The present invention discloses a filter comprising a tube extending from a first end to a second end and having a bore with an internal cross-sectional area. The tube comprises an inlet with an inlet cross-sectional area which is positioned through the first end of the tube. The tube also comprises an outlet with an outlet cross-sectional area, wherein the inlet cross-sectional area is less than the outlet cross-sectional area and so debris small enough to enter the inlet will tend not to block the outlet, which is larger. The filter further comprises a plurality of further inlets, often slots, in the tube between an outside thereof and the bore. In a preferred embodiment, the first end may be tapered and especially dome shaped. This helps to direct debris towards an outside of the tube, where it is less likely to be drawn into the filter and potentially block it or a downstream component, such as a nozzle. The filter may be attached to a pipeline and a nozzle.

Claims

1. A filter comprising: a tube extending from a first end to a second end, the tube having a bore with an internal cross-sectional area; an inlet to the tube, the inlet being positioned through the first end of the tube and the inlet having an inlet cross-sectional area; an outlet from the tube the outlet having an outlet cross-sectional area; a plurality of further inlets in the tube between an outside thereof and the bore; wherein the inlet cross-sectional area is less than the outlet cross-sectional area.

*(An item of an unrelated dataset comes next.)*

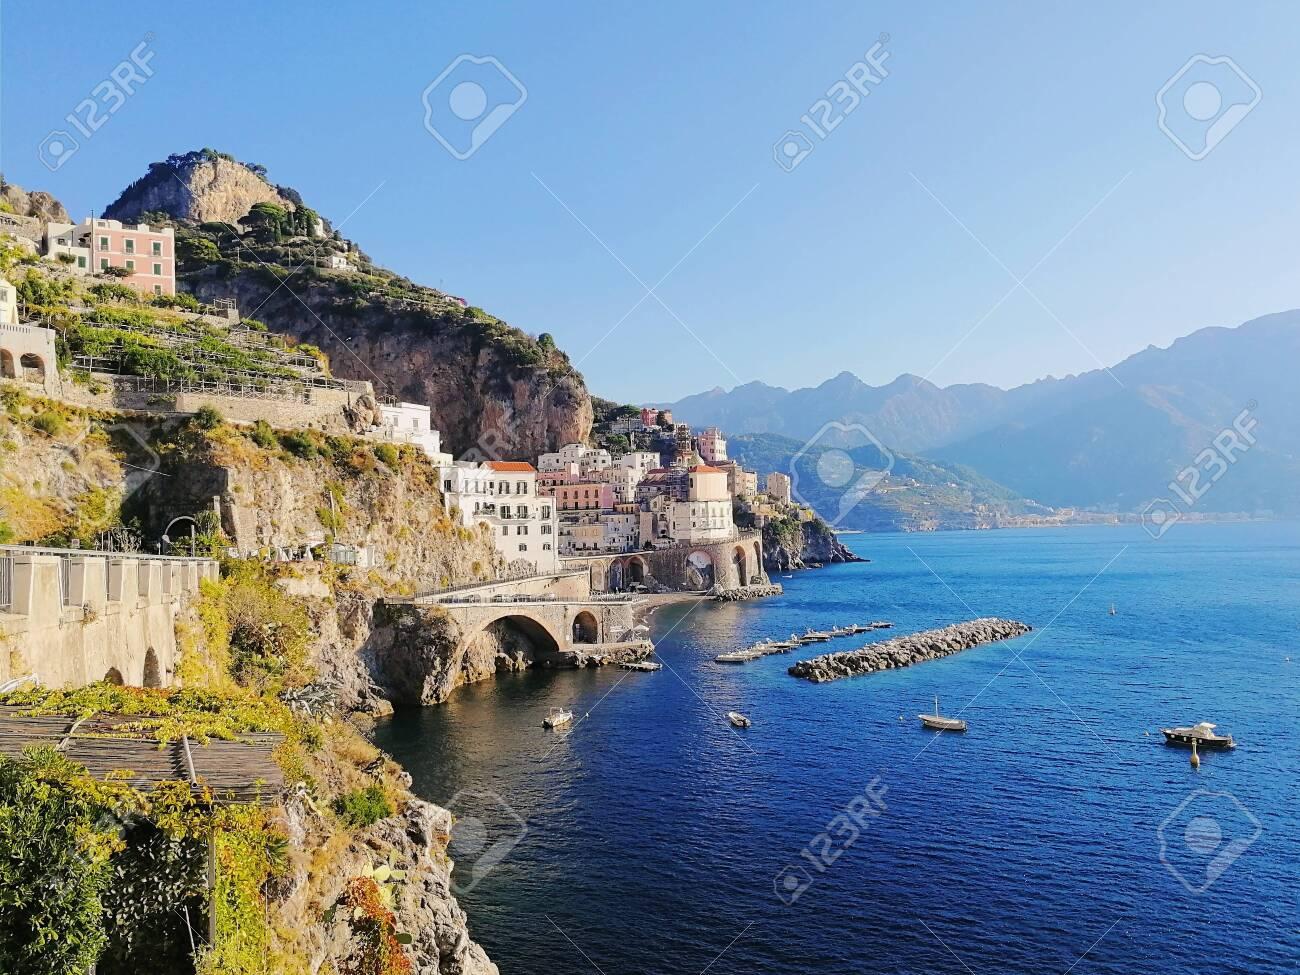 Atrani Italy Amalfi Coast View Of The City Beach And Mountains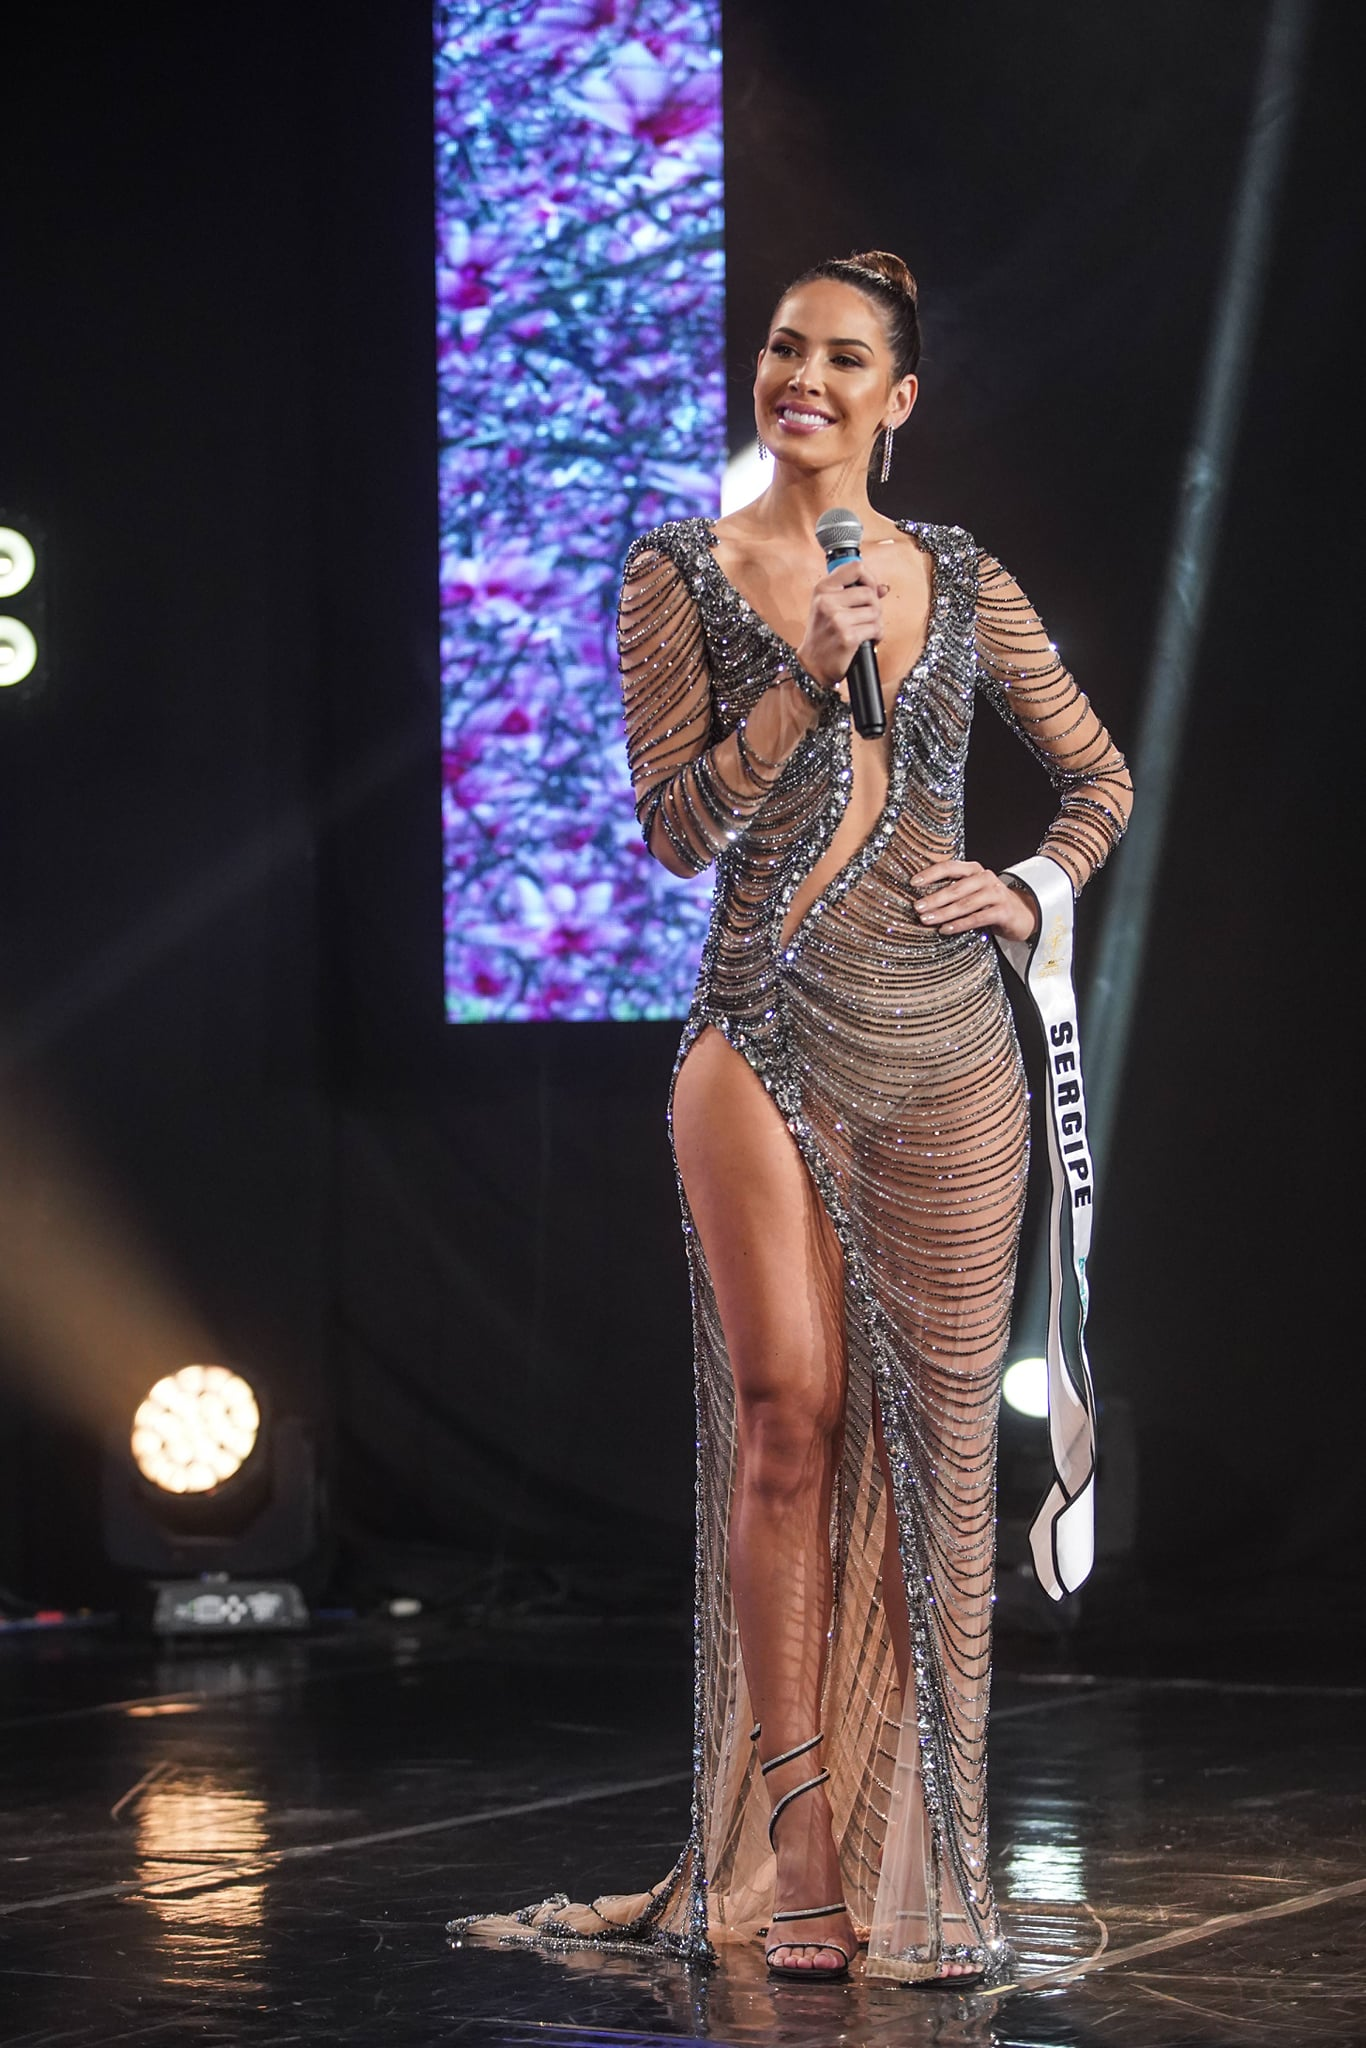 bruna zanardo, 1st runner-up de miss supranational brazil 2020/miss brasil internacional 2017/miss brasil terra 2016. - Página 19 12945810

2. A filter according to claim 1, wherein the inlet cross-sectional area is less than the internal bore cross-sectional area.

3. A filter as claimed in any preceding claim, wherein the combination of the inlet and the plurality of further inlets provides a K-factor equivalent or greater than the K-factor of an open tube of the same dimensions as the tube of the filter.

4. A filter as claimed in any preceding claim, wherein the first end is tapered such that the centre of the first end extends longitudinally further than an outer portion of the first end.

5. A filter as claimed in any preceding claim, wherein the first end is dome-shaped.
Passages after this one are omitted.